Enter: The Conquering Chicken shows Mia Zapata pushing the blues influences that informed her vocal style to the forefront more directly than on Frenching the Bully, with songs like "A Change Is Gonna Come" (a recontextualized cover of soul singer Sam Cooke's original) and "Precious Blood." The band also arguably furthers their hardcore influences on songs like "Sign of the Crab," "Spear & Magic Helmet" and "Drunks."

The record was reissued in 2003, with bonus tracks and different cover art, on the Broken Rekids label.

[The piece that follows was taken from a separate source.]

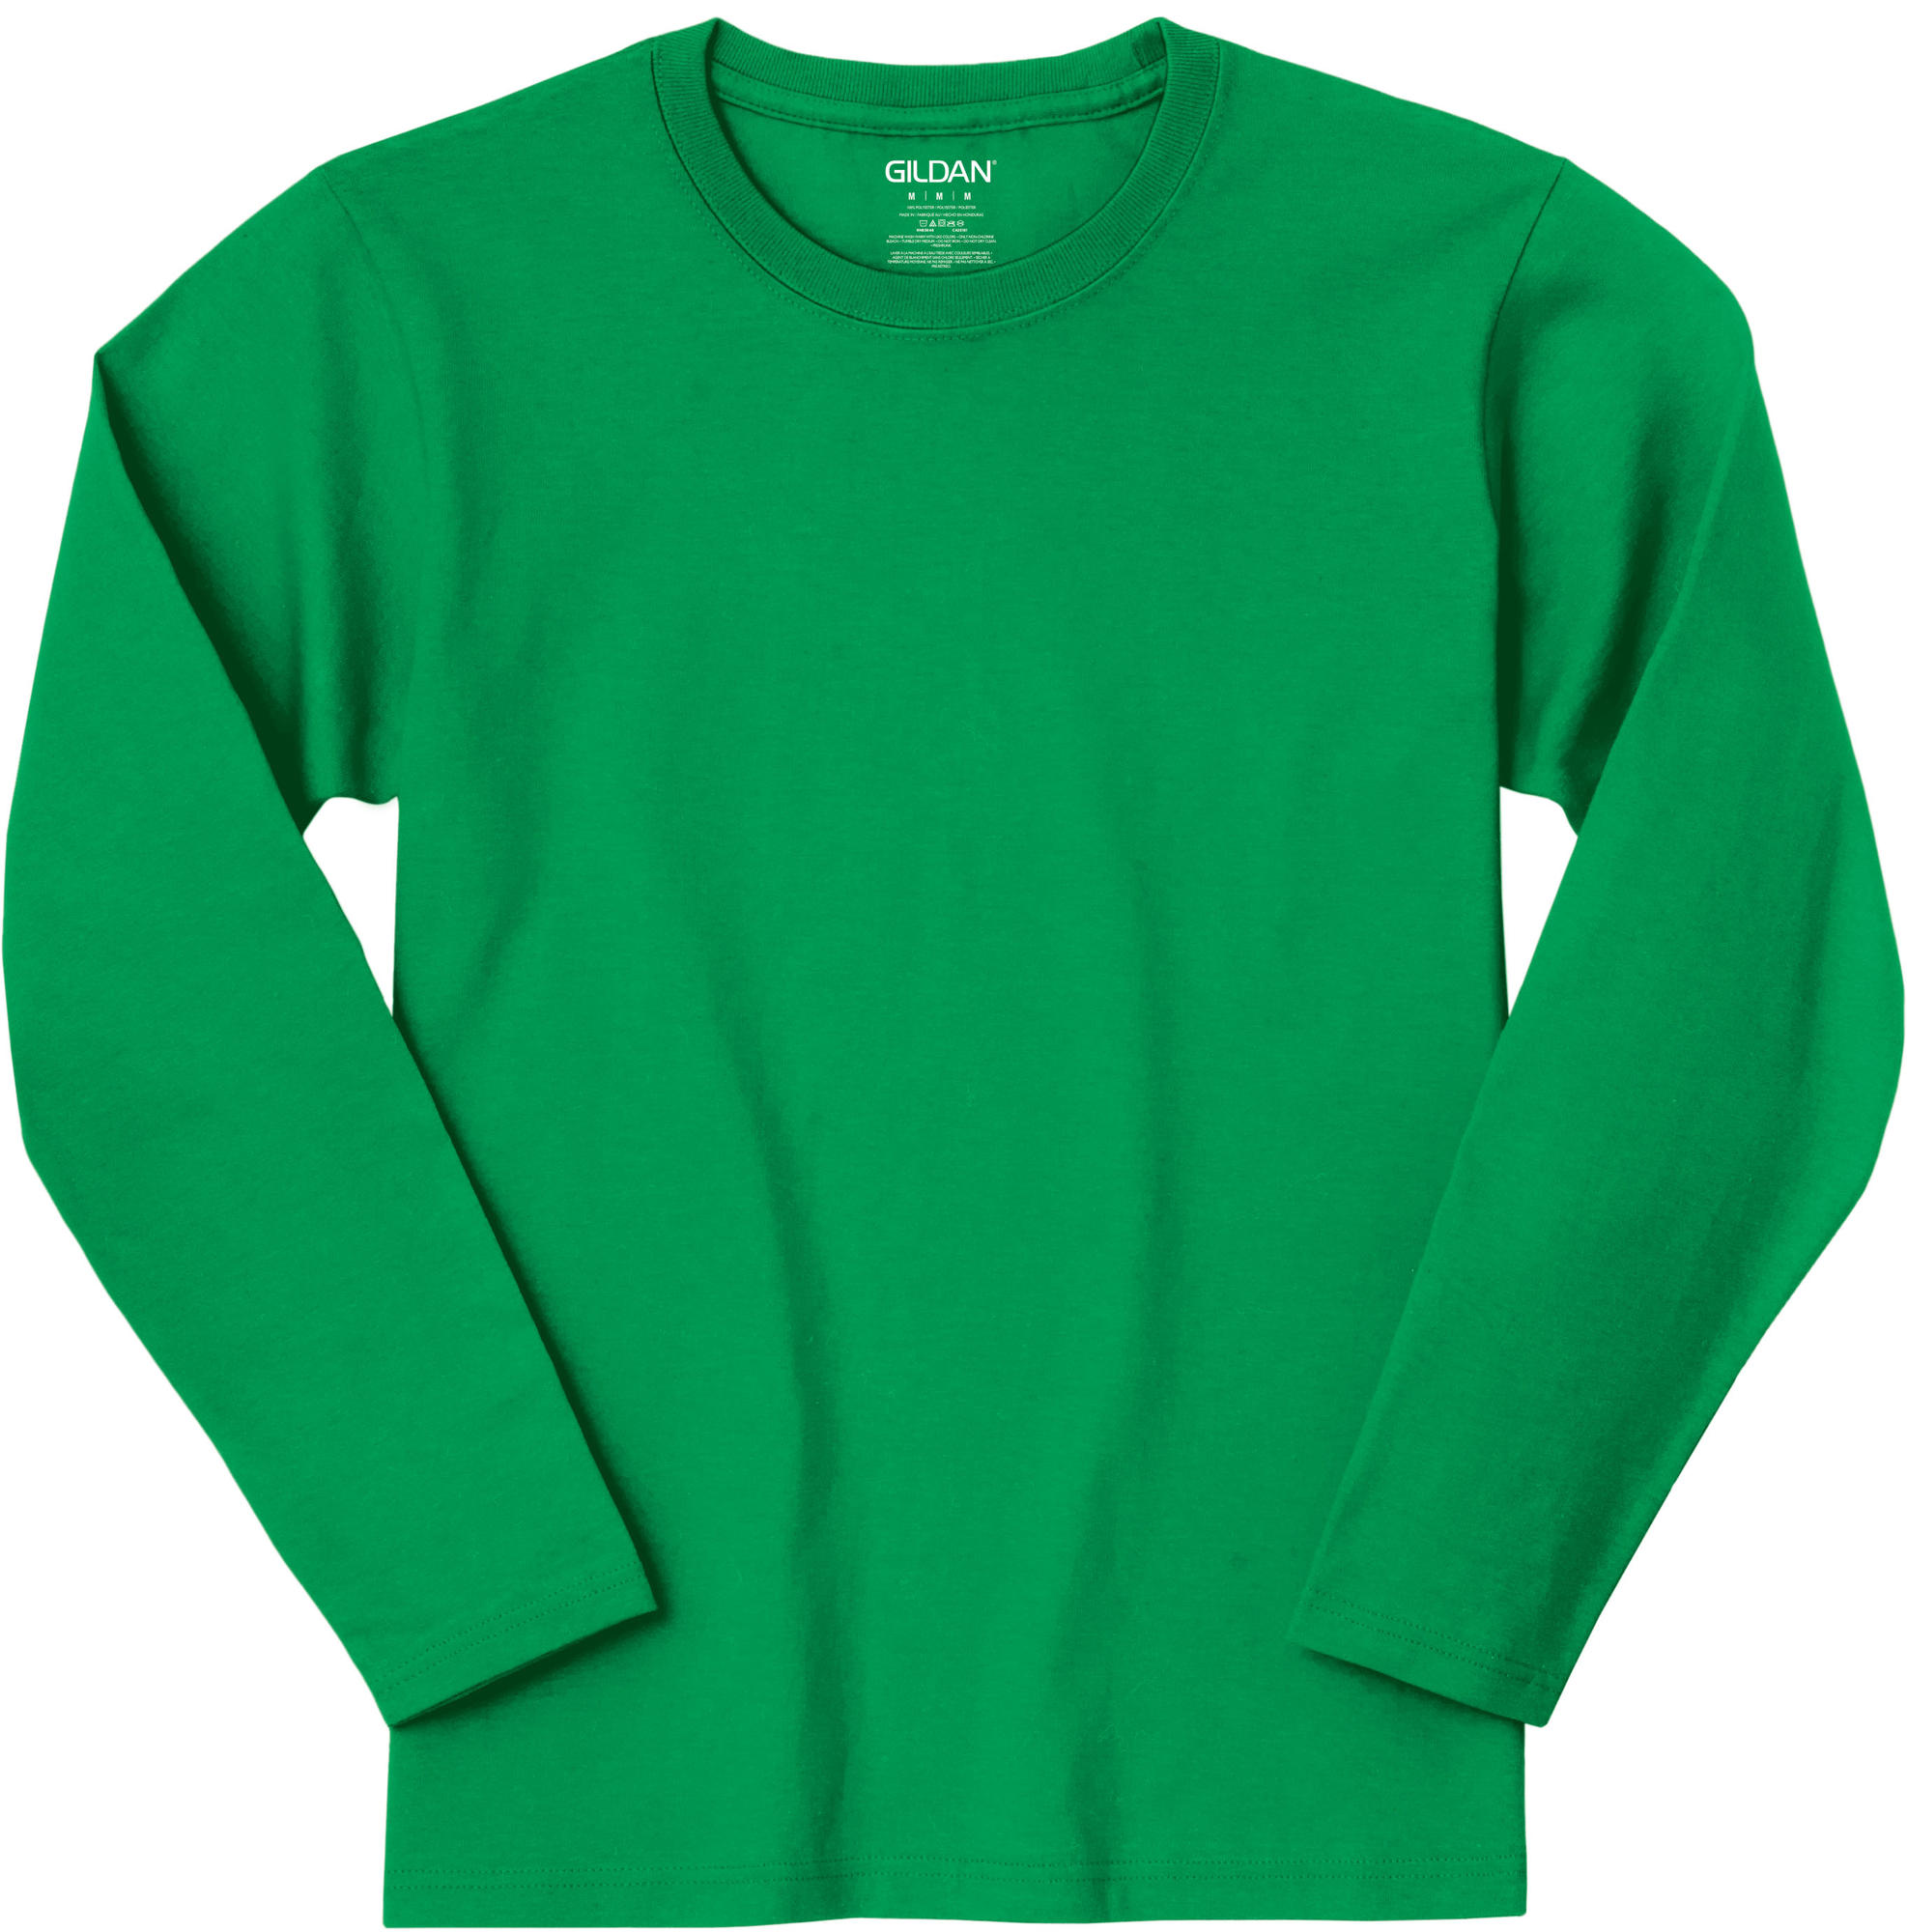 Shop for the Gildan® Long Sleeve Crew Neck Adult T-Shirt at Michaels

The song "Sign of the Crab" was written by Zapata, imagining her murder at the hands of a stranger.

Track listing
 "Bob (Cousin O.)" – 3:04
 "Guilt Within Your Head" – 2:26
 "Seaweed" – 2:23
 "A Change Is Gonna Come" – 4:03
 "Precious Blood" – 3:46
 "Beauty of the Rose" – 2:36
 "Drunks" – 1:37
 "Italian Song" – 2:07
 "Social Love I" – 2:39
 "Social Love II" – 1:51
 "Spear & Magic Helmet" – 2:43
 "Drinking Song" – 2:55
 "Sign of the Crab" – 2:33

Reissue track listing
 "Bob (Cousin O.)" – 3:03
 "Guilt Within Your Head" – 2:25
 "Seaweed" – 2:25
 "A Change Is Gonna Come" – 4:02
 "Precious Blood" – 3:45
 "Beauty of the Rose" – 2:36
 "Drunks" – 1:37
 "Italian Song" – 2:07
 "Social Love I" – 2:39
 "Social Love II" – 1:50
 "Daily Bread" – 4:33
 "Sign of the Crab" – 2:34
 "Drinking Song" – 2:55
 "I'm Lou" – 1:55
 "New Fast One" – 2:00
 "Sign Of The Crab (Live)" – 2:46
 "Seaweed (Live)" – 2:29
 "Beauty Of The Rose (Live)" – 2:44
 "Whirlwind (Live)" – 2:59
 "New Fast One (Live)" – 2:01
 "Bob (Cousin O.) (Live)" – 3:07
 "A Change Is Gonna Come (Alternate Take)" - 4:13
Live tracks recorded at the X-Ray Cafe, Portland, Oregon in June 1993.